Not that I know of. The biggest technical blocker to having Scribunto use a newer version of Lua is that 5.2 heavily changed how function environments work, so we'd have to redo the sandboxing and put it through a fresh security review.
Ok, thank you. I guessed that each Scribunto process was hugely sandboxed, especially as everything seems to be done to prevent passing information between successive invocations of the same module. I hadn't thought of possible side effect on PHP execution as explained in the ticket.
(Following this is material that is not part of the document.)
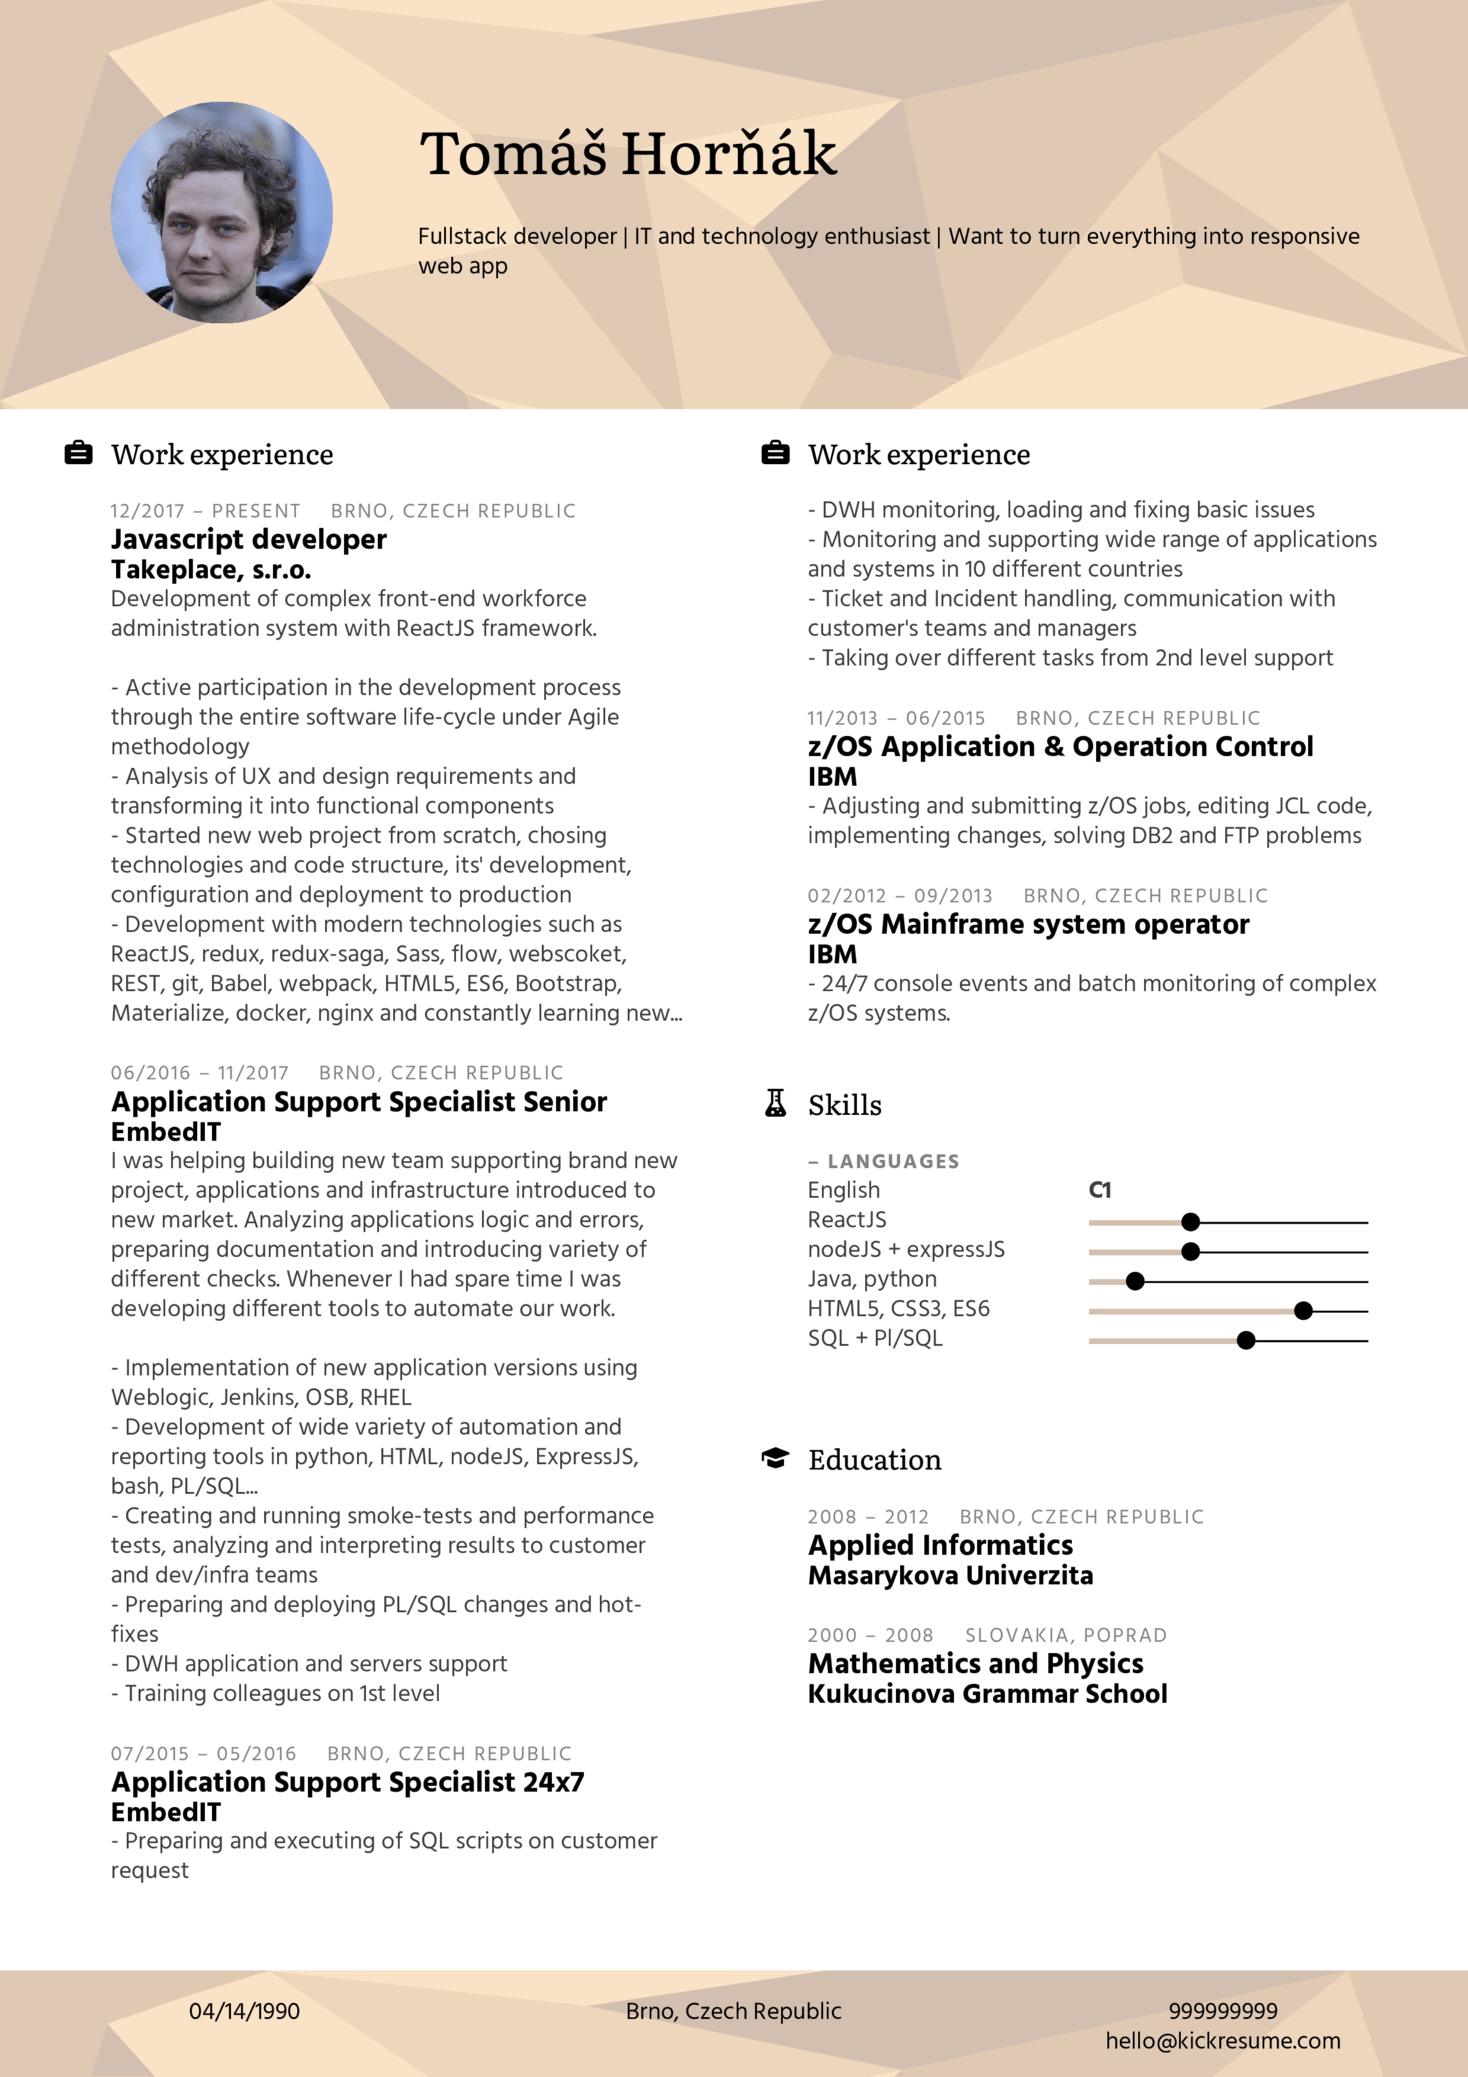 Takeplace Java Script Web Developer Resume Example (parte 1)

The problem with os.setlocale is that it's global to the whole process, not inside the sandbox. When using luastandalone that's less of an issue since the Lua code runs in a separate process (but we still don't start a new process for each #invoke on the page), but when running with the luasandbox PHP extension it shares the process.
Do we have some nice (or even ugly) schema of PHP/Scribunto execution process so I could have a clearer representation of what's happening when I grab a webpage of a mediawiki article with some Scribunto invocation?
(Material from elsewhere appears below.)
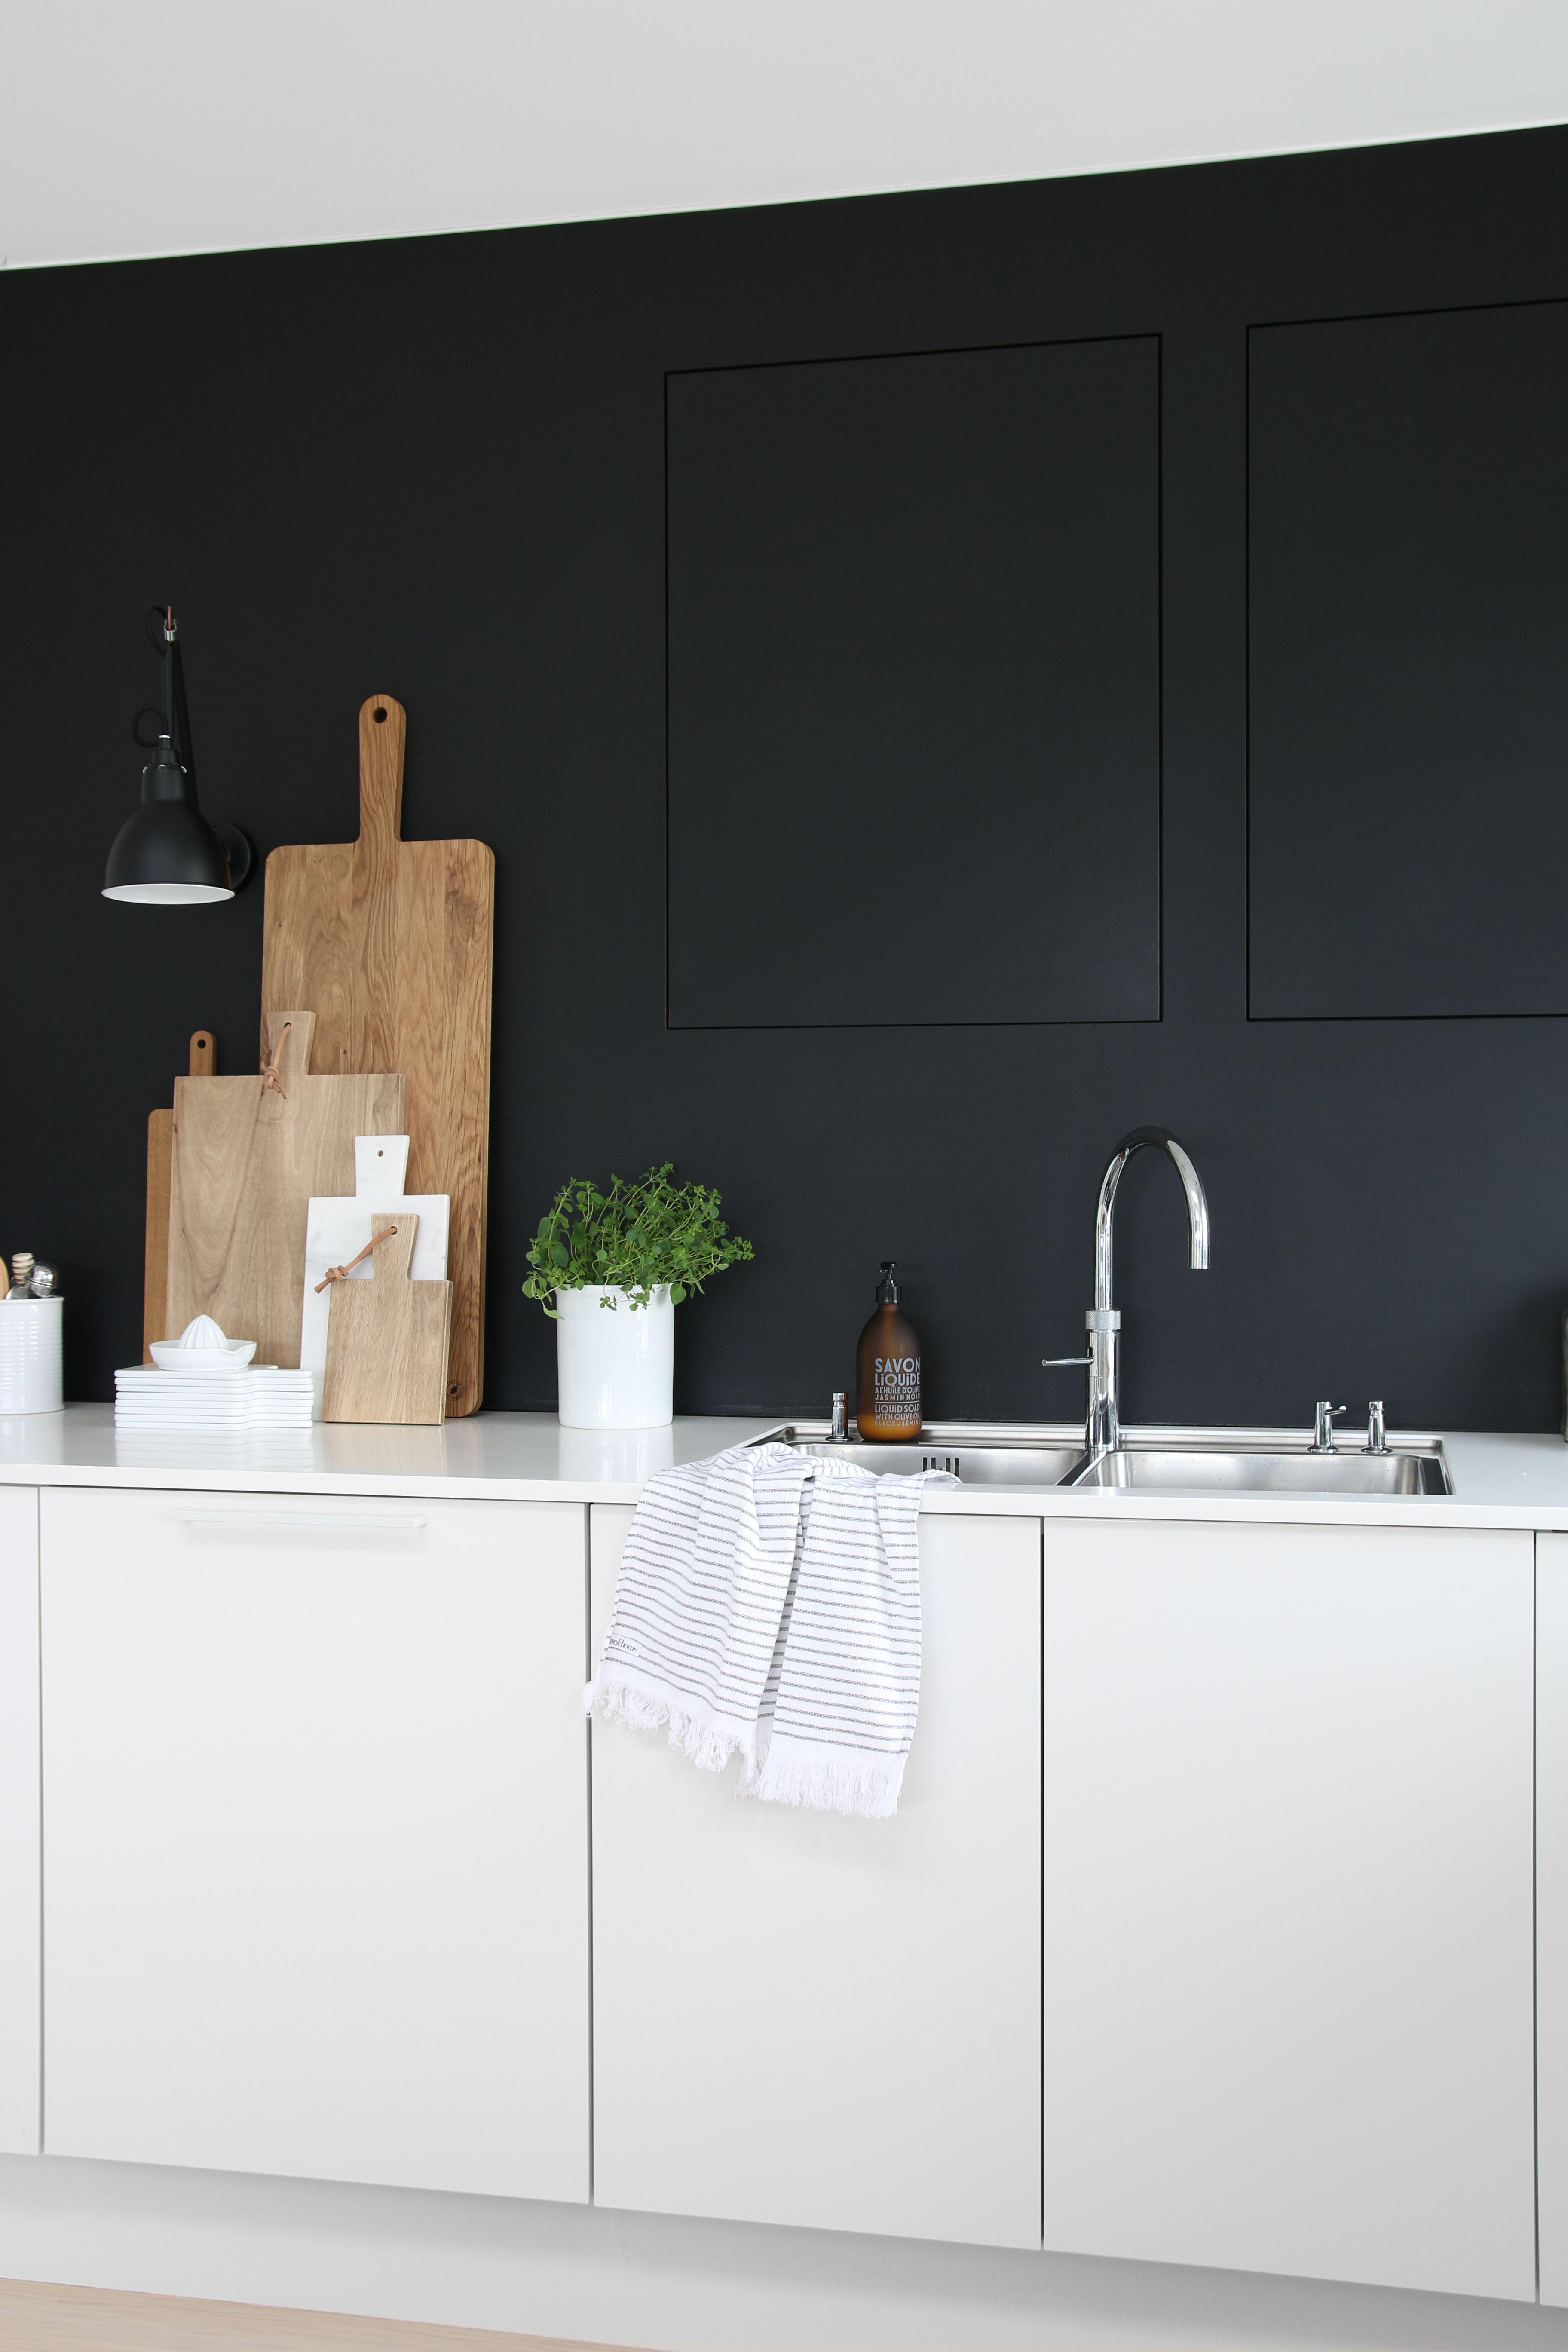 Scandinavian kitchen vignette | wooden cutting board\'s | black and ...

Not really. When the parser processes the {{#invoke:}}, it calls ScribuntoHooks::invokeHook() which loads the module invoked, initializes it, then calls the method invoked.
But that's not the concern I was writing for. That is, I can't use unicode identifiers as in `locale plâtrière = préamorçage()`. When I see UTF-8 somewhere, I would expect no problem to use any glyph. So are my expectations misguided, or is there something wrong with the way C.UTF-8 is handled somewhere in the software stack?
Lua's processing operates on C chars (i.e. bytes), and uses C's isalpha() and isalnum() to recognize which characters are "letters" for the purpose of identifiers. For single-byte encodings this allows non-ASCII characters such as 'â', 'è', 'é', and 'ç' to be recognized as "letters", hence the documentation in Lua 5.1 about that, but in UTF-8 these are all represented with multiple bytes so that doesn't work.
Changing that would require rewriting all the Lua input processing to use functions that can handle "wide" characters, which is well beyond what we're at all likely to do. It'd have to happen upstream, and then we'd have to spend the time to actually upgrade to Lua 5.4 or whatever version implemented it. But since Lua 5.2 actually changed things the other way ("Lua identifiers cannot use locale-dependent letters", https://www.lua.org/manual/5.2/manual.html#8.1) that too seems unlikely.